Over 600,000 people have been displaced and over 4000 killed since 2017 in the conflict between Mozambique government and insurgent forces that is consuming Cabo Delgado in Mozambique. The recent attack on Palma should not have happened. A twitter thread follows... Image
Last week insurgents attacked and overran a hotel outside Palma where a number of foreigners were trapped and an unknown killed when attempting to escape into the surrounding bush or when their convoy was ambushed.
As @Jasminechic00 Africa analyst at @ACLEDINFO has tweeted, “Why in God’s name was no action taken in response to early warning intelligence. It’s a disgrace.”
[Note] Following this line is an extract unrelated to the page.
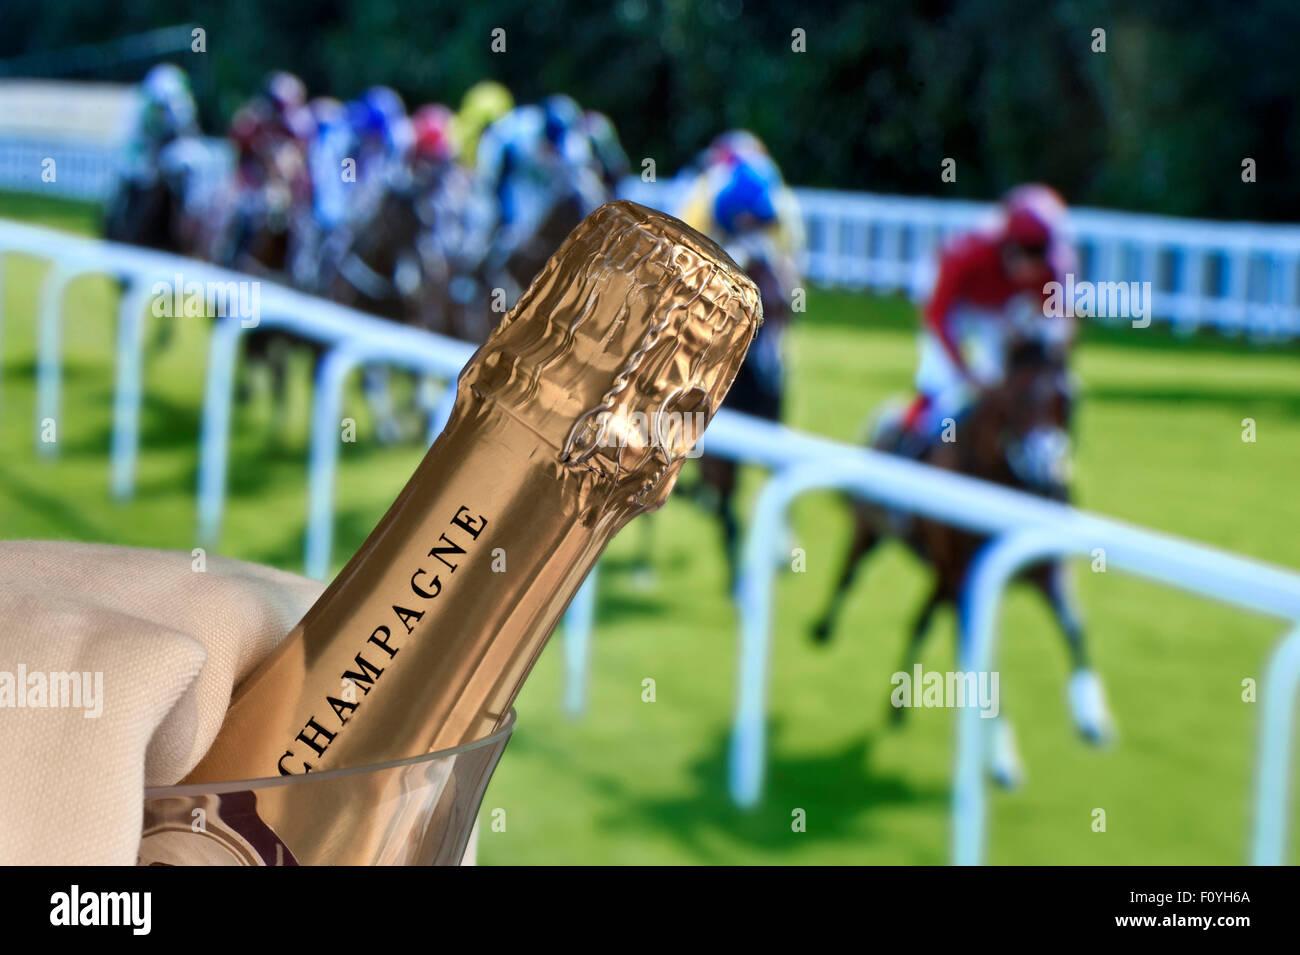 CHAMPAGNE corse di cavalli da corsa Champagne di lusso nel secchiello del ghiaccio con Signore giorno Royal Ascot Immagini Stock

It is not hindsight to say that the only feasible way to supply the increasing number of internally displaced people with aid, and keep open the best available means of escape, is to gain and keep control of the coast and help communities from sea bases – that was common sense.
Access and mobility via overland routes were always going to be challenging once cyclones and annual torrential rains washed away bridges and turned those dirt roads that were not in insurgent hands into quagmires.
@PFabric in the @dailymaverick quotes a ship-watcher called Quinn who tweeted “A modern-day #dunkirk moment” was happening in Palma. dailymaverick.co.za/article/2021-0…
He added that “Ships and boats of all types small and big, oil tankers and ferries to tug boats and small pleasure craft are taking people to safety risking themselves.”
According to the BBC, the “beach [is] strewn with headless bodies”. bbc.com/news/world-afr…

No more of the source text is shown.